Наверное, когда я мысленно досчитаю до треклятого “шесть-шесть-шесть”, меня окончательно не станет. Моё тело займёт какой-то демон, которому оно, по-видимому, всегда и предназначалось. И это не он тут гость, нет. Гость в этом теле я, как бы горько и противно не было от подобной мысли.

Чёртово спокойствие… Может, если бы я заставил себя банально разозлиться, то сумел бы… смог бы… Что? Заорать? Заплакать? Начать умолять о пощаде? Попробовать вспомнить хоть одну молитву?..

— Назови своё имя, - не поднимая глаз, выпрямилась Алина. Обеими руками она держала перед собою опущенный остриём к земле кинжал. Тот самый, которым я орудовал в мерцании ангара. Именно им я выпил Пламень из двух чересчур жадных оккультистов, решивших не исполнять данный им приказ прямо и внести свои “коррективы”. Он-то, их мизерный Пламень, и горит теперь в жаровне факела-посоха внутри, являясь самым настоящим маяком.

— Оно не изменилось, красавица - криво усмехнулся я и медленно сел, упершись локтями в колени. Мне становилось неуловимо весело от происходящего. И жутко забавлял тот факт, что мы всё больше менялись местами. С каждой минутой, с каждым шагом, отсчитываемым мною голове, я понимал в происходящем больше и больше, в то время как Алина из таинственной роковой девушки, так маняще старше тебя-восемнадцатилетнего, становилась просто дрожащей пигалицей, запомнившей лишь азы ритуального призыва.

“Пятьсот тридцать один, пятьсот тридцать два”.

Помимо сладкого страха, я чуял от неё полноценный запах нашей крови. Рискуя собственной жизнью, она напала на культистов, чтобы не дать им меня убить. Зачем? Явно не из человеколюбия. Такие, как она, лишаются человеколюбия чисто из прагматичных соображений ещё во чреве матери. Для чего любить пожираемый тобою скот?

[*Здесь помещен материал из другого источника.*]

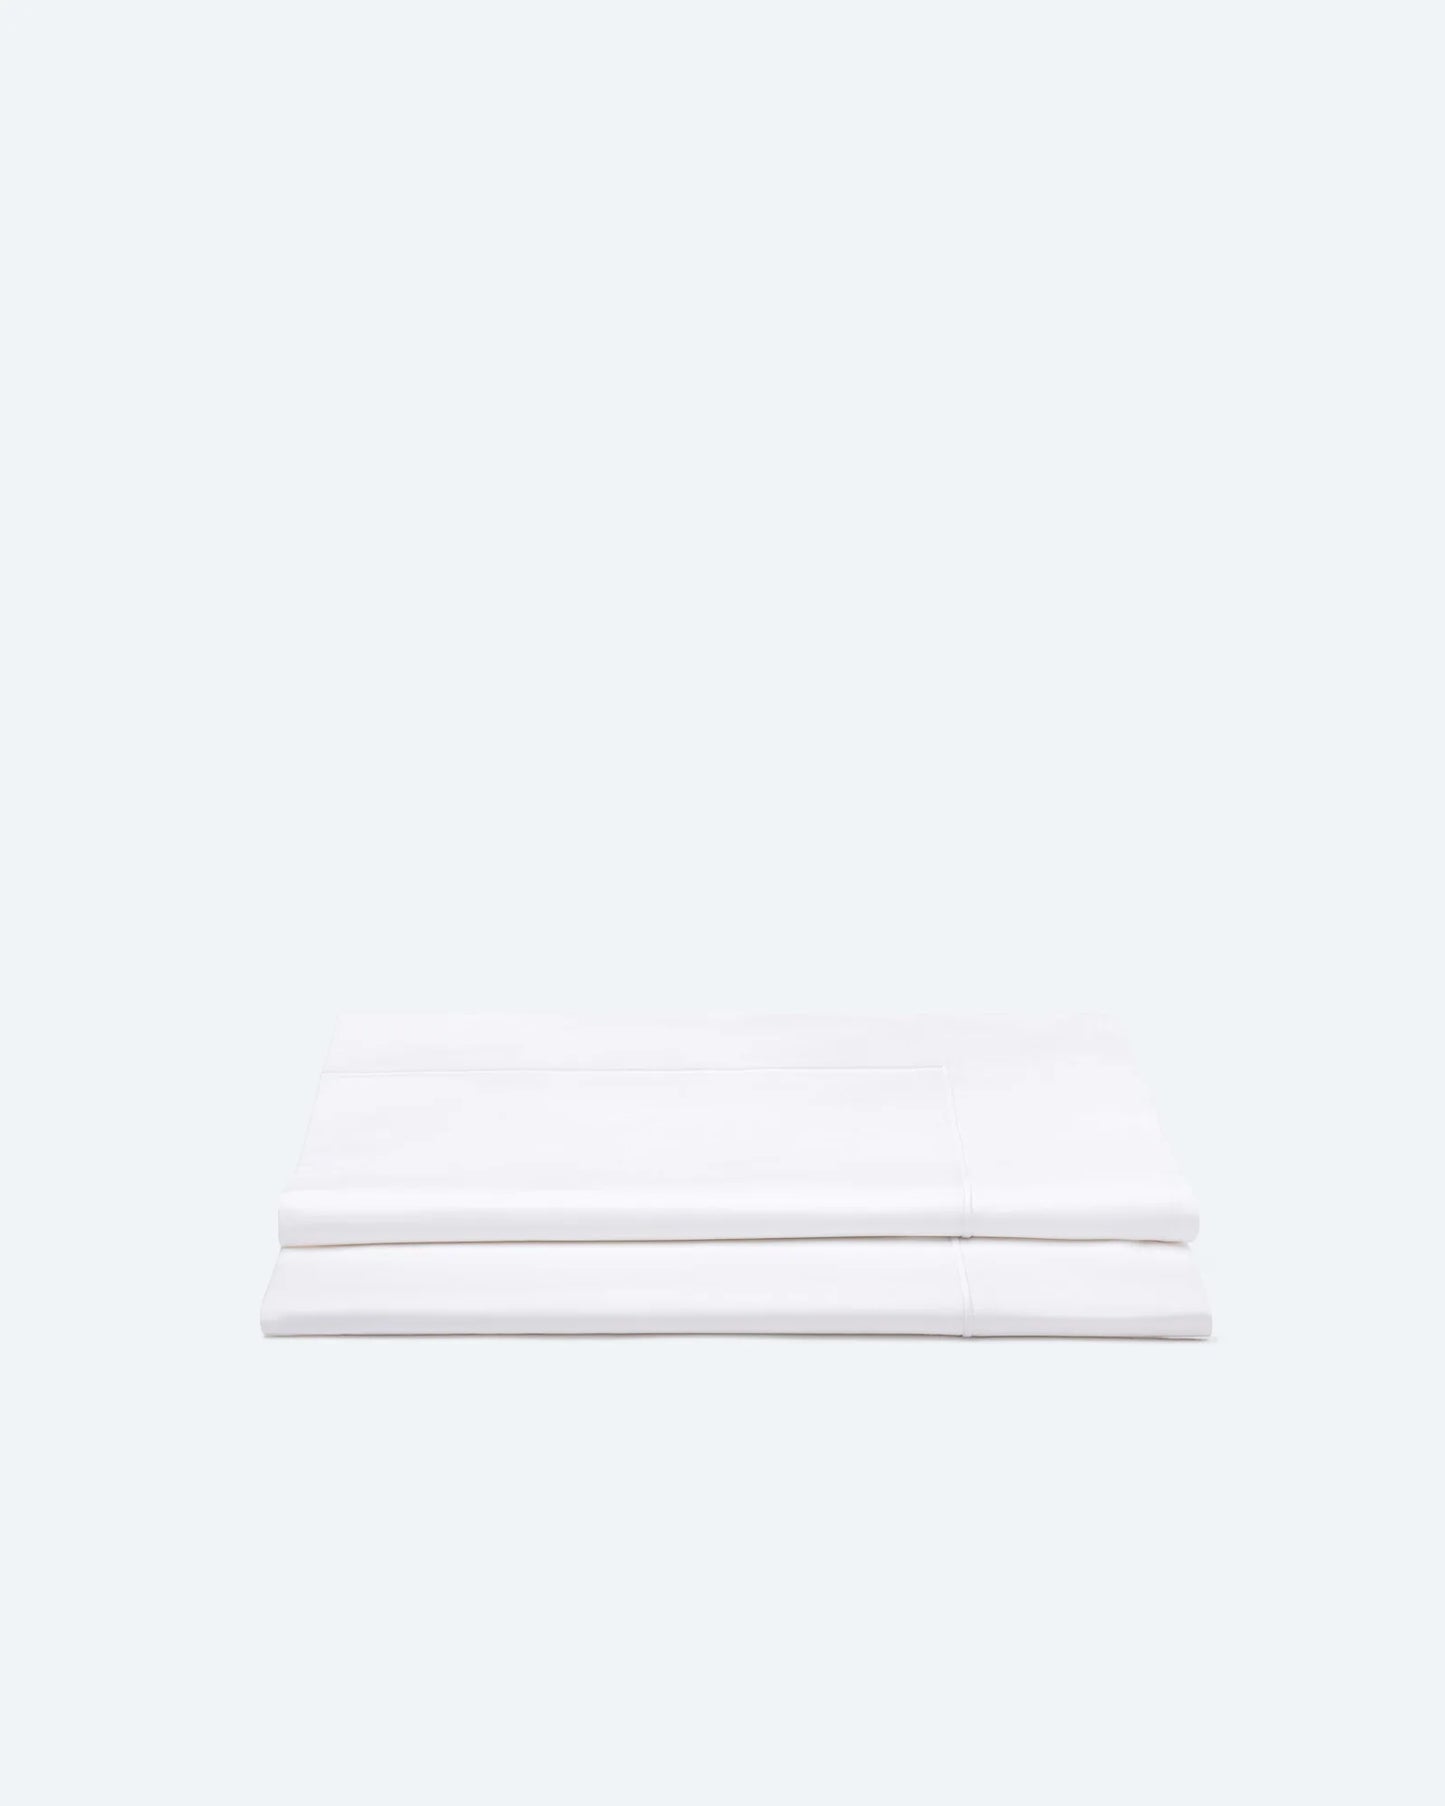 Bedding Set with Duvet Cover and Sheet Crisp White Cotton Percale

Она хотела защиты. Предала свою Семью, и теперь искала покровительства - вот зачем она отвлекла культистов на себя. По этой же причине она стреляла в них из человеческого оружия. Видимо, Семья лишила заблудшее дитя всех Имён, отчего даже ничтожнейшие стали представлять для неё серьёзную угрозу. Глупый шаг с её стороны. Наверное, мать плохо постаралась, когда носила её.

“Пятьсот девяносто девять. Шестьсот”.

— Тебе назвать моё имя? - вставая, спросил я с улыбкой. Пламя воткнутого в пепел факела задрожало, словно бы в страхе.

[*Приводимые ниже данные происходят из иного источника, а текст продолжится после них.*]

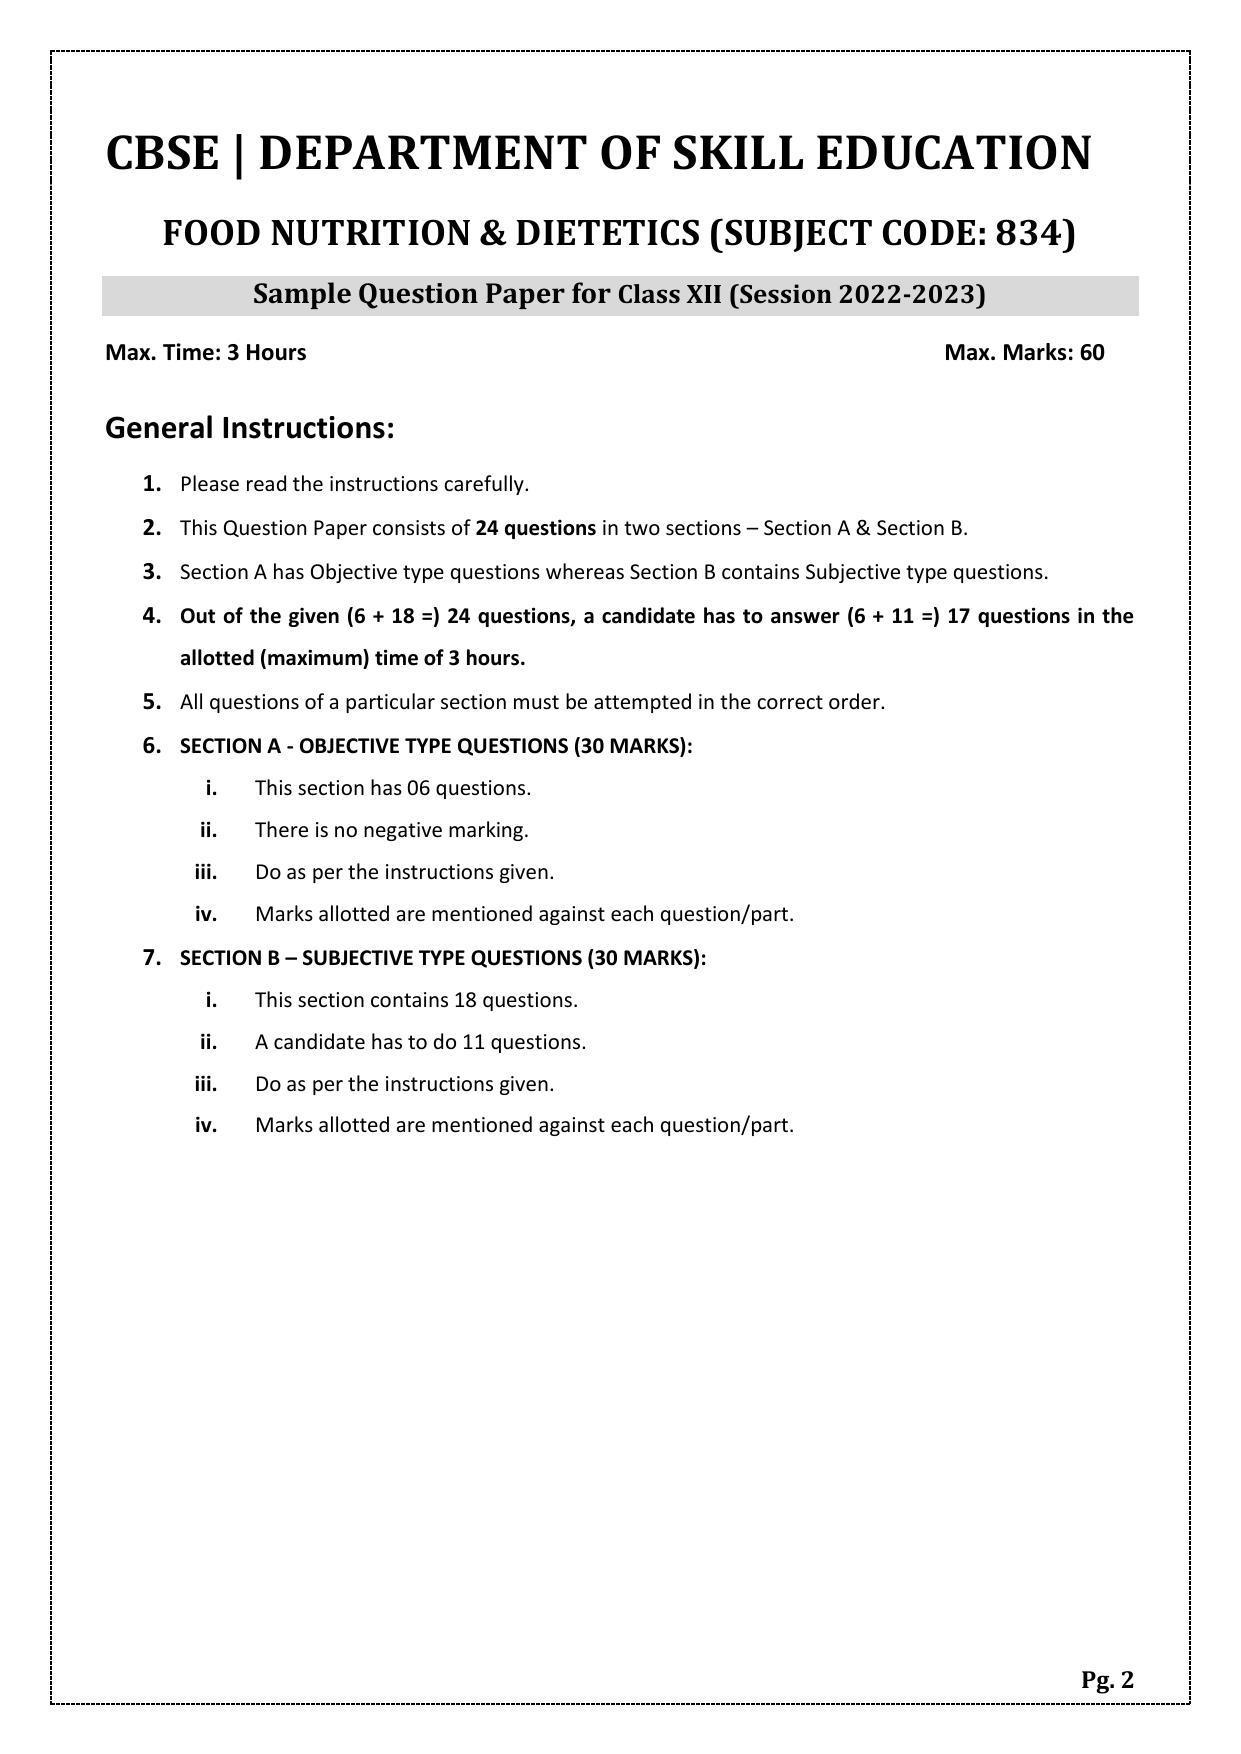 CBSE Class 12 Food Nutrition & Dietetics (Skill Education) Sample Papers 2023 - Page 2

Алина вздрогнула, но потом опомнилась, отступила на шаг, давая мне место, и пала ниц. Она двигалась достаточно грациозно, что не могло не радовать глаз. И делала всё правильно. Пока.

Касаясь земли коленями и одной рукой, вторую руку, что была с кинжалом, девушка выбросила строго над собой. Длинные чёрные волосы распались и скрыли её лицо, зато обнажили затылок с большим родимым пятном и тонкую шею с едва заходящим на неё чёрным пунктиром защитной татуировки. Она как могла старалась медленно дышать и унять дрожь, так хорошо заметную на лезвии тяжёлого кинжала.

“Шестьсот тридцать два. Шестьсот тридцать три”.

Двумя пальцами я взял девушку за подбородок и поднял к себе её лицо. Красивое и выразительное, с живыми раскосыми глазами с хитрецой и аккуратными, правильно выделенными губами. Ничего лишнего. Хорошая работа. Внешность её родителям, в отличие от лояльности, удалась очень даже достойно. Алина шумно сглотнула, стараясь не моргать.

“Шестьсот сорок девять”.

Рука её уже вовсю дрожала от тяжести кинжала. Непривыкшие к такому мышцы девушки болезненно сокращались, но изменить положение тела она не смела. Ритуал от неё уже не зависел. Всецело, от этой самой минуты и до самой последней, он зависел только от меня. А я торопиться не желал.

“Шестьсот пятьдесят три”.

Огонь в жаровне посоха-факела был уже близко, я уже видел его, тянул к нему руку. Моё забвение заканчивалось, я возвращался, готовый жрать, совращать, убивать и лгать. Ещё чуть-чуть, совсем немного, всего несколько единиц счёта, и новое тело моё! Я вернусь, чтобы уже никогда не быть уничтоженным! Я - покараю всех, кто ранее вставал у меня на пути! Все семь Семей покорятся моей воле, а затем и сам Князь!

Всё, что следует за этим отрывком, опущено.